The Green New Deal, explained

It's stupid. Hopefully it will die in a ditch, and take the proponents down with it.

That's my view, which I write in response to Dave Robert's exposition of the GND. As expected with DR, we disagree. You can also read the thing direct.

I was going to explain all the ways in which it is wrong, but they are all obvious.

Update: oh go on then


I find myself unable to resist the obvious. The "deal" is defective in a number of broad ways.

It isn't a deal, it's a political platform


There isn't really a deal on offer; there's no detail. What exists is a litmus test, or a political platform, or a propaganda exercise: describe it as you will. Technically, it is a proposal to establish a Select Committee For A Green New Deal.

It is hopelessly partisan


The new committee is to draw up a detailed national, industrial, economic mobilization plan... for the transition of the United States economy to become greenhouse gas emissions neutral and to significantly draw down greenhouse gases from the atmosphere and oceans and to promote economic and environmental justice and equality. There is no hope of the Repubs going for this; and probably little hope of a majority of Dems, either. The GNDers know this, of course, and glory in it: not for them the messy attempts at political compromise, for them ideological purity is the way! This is in part frustration at the lack of bipartisanship from the Repubs recently.
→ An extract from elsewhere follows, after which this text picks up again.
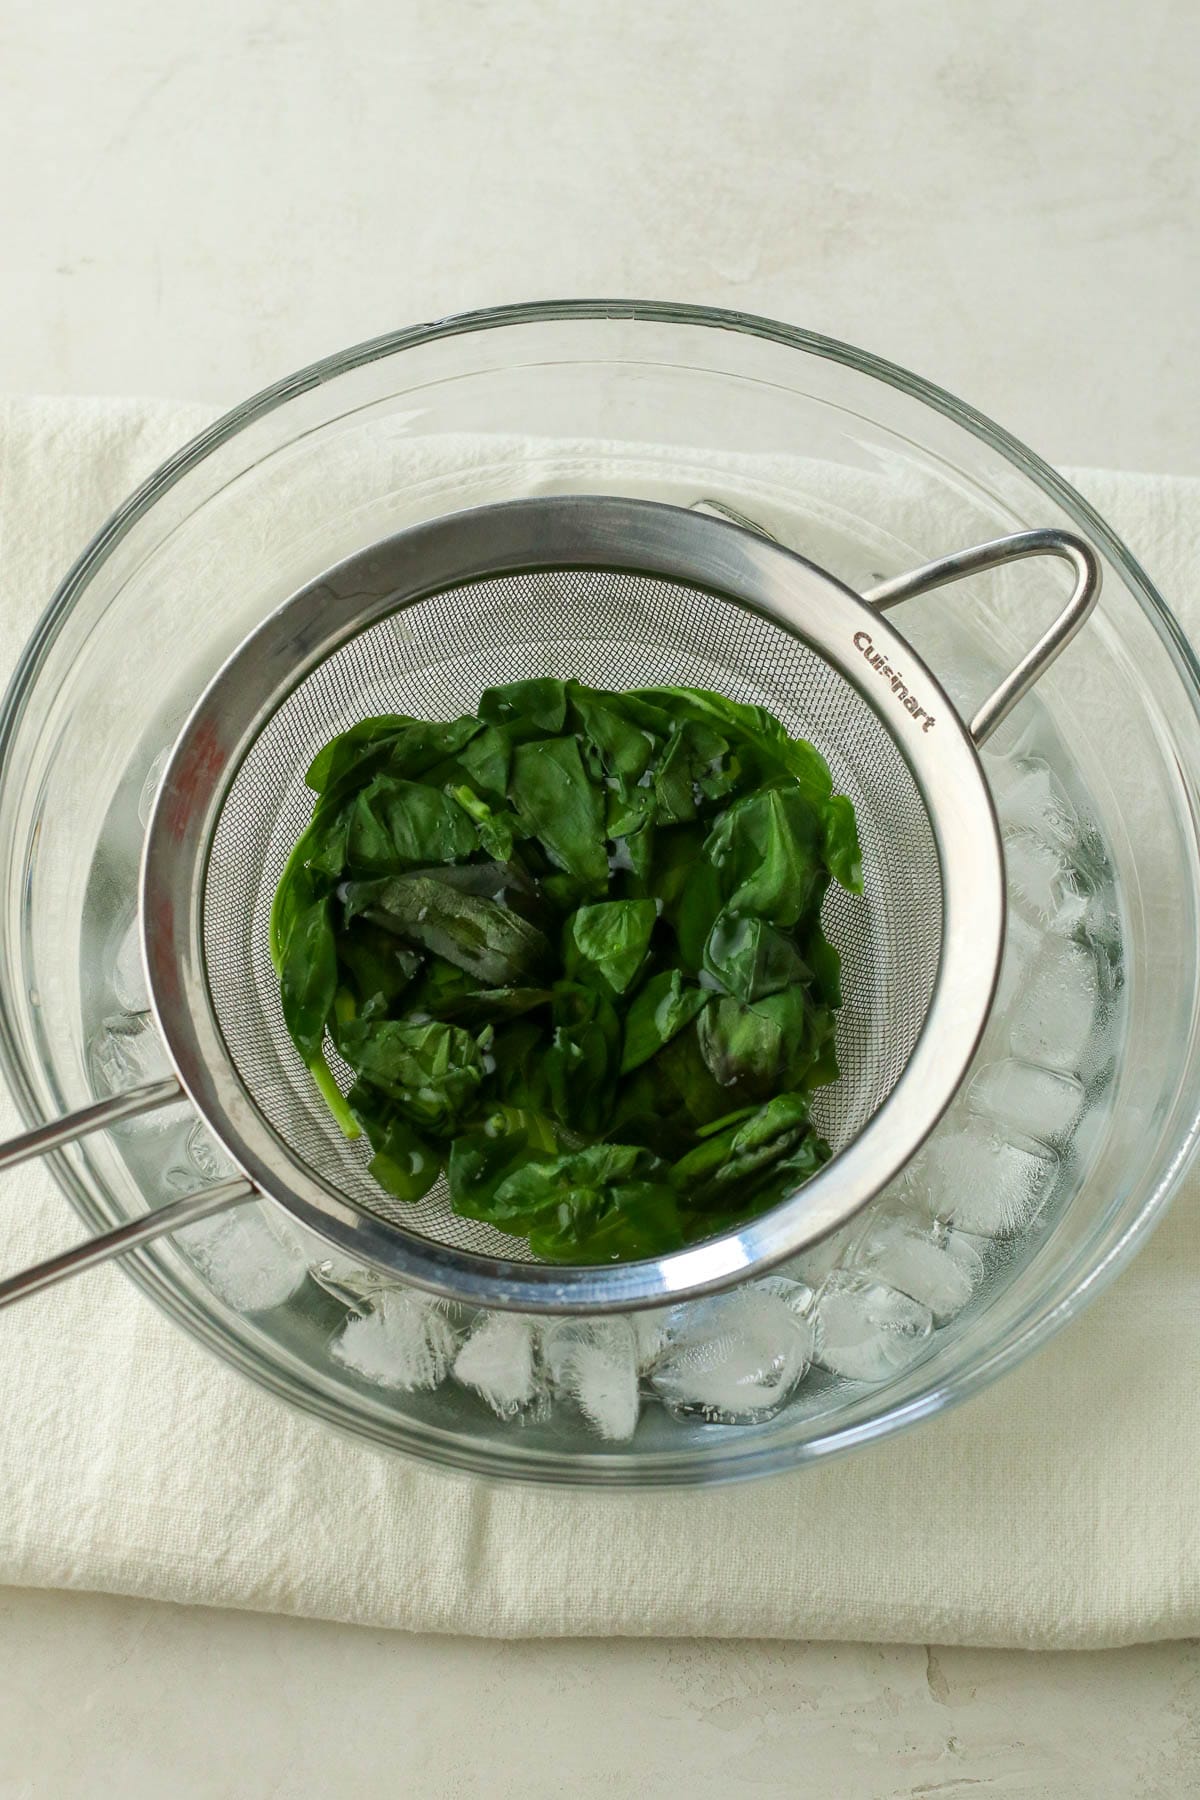 cooked basil going into ice bath.

Is is the wrong way to do anything


The govt can't and shouldn't do any of this shit. I appreciate that many of my readers will disagree at this point, but you're here to read my informed analysis so I shall not spare you. One way you can tell it is all wrong is that significantly draw down greenhouse gases from the atmosphere is a central part of the plan. Drawdown is a pet idea that someone has had and so has stuffed it into the plan, but this is no way to make policy. Is carbon capture cheaper or more expensive than reducing emissions in the first place? If cheaper it should be done; if not, not. But there is no room for economics in this nakedly political plan.


It is full of pork


As with anything like this - the recent I-1631 is a good example - the plan is inevitably a vehicle for pork. For example we have a policy (incidentally notice that although the proposed committee is to draw up the plan, it doesn't get much say in what the plan will have to cover) of upgrading every residential and industrial building for state-of-the-art energy efficiency, comfort and safety. I'm all in favour of every citizen of the US of A having the finest state-of-the-art comfy cushions to sit on, but I don't think it is any business of the govt to deliver comfy cushions. Another example is eliminating greenhouse gas emissions from... agricultural... including by investing in local-scale agriculture in communities across the country. This is the traditional happy-peasants school of Leftism, and it is stupid. Everywhere, farms grow larger and more mechanised and employ fewer people, and this does not happen by chance, it happens for very good reasons. It's fine having a few out-of-touch people pushing local-scale ag (hey, I'm a member of the Soil Association myself) but you don't want people like that in power.

Carbon tax now


The govt should do none of the things in this "deal". Instead, they should impose a revenue-neutral carbon tax, taking the chance to delete a few of the more hated taxes and regulations along the way, and step back.

Refs


Carbon tax now.
* Other bad ideas are available: Climate action must now focus on the global rich and their corporations, Nicholas Beuret, University of Essex.
* Peter Woit of not-even-wrong fame has an interesting thought re string theorists denying the failure of their endeavour with the reputation of science overall.
* Surfer Dan
* Meanwhile back in Blighty, Labour are idiots too.
* Michael Mann is on board, for a World War II-scale Climate Mobilization. But (while he is careful to be polite) he doesn't really like Naomi Klein's On Fire: Nurture: Radical reform and the Green New Deal Michael E. Mann examines Naomi Klein’s collection on the proposed US policy aiming to curb climate change.
* Pelosi Announces Appointment of Congresswoman Kathy Castor to Chair Select Committee on the Climate CrisisPelosi has not yet described exactly what the committee will do...
@AOC on millennials and social media: "We’re, like, the world is going to end in 12 years if we don’t address climate change"


29 comments:

Tom said...

They want to spend a lot of money. A lot.

David B. Benson said...

Well,it's Xmas time.

CapitalistImperialistPig said...

You should be prosecuted for false advertising. Murky links plus a drive by dis.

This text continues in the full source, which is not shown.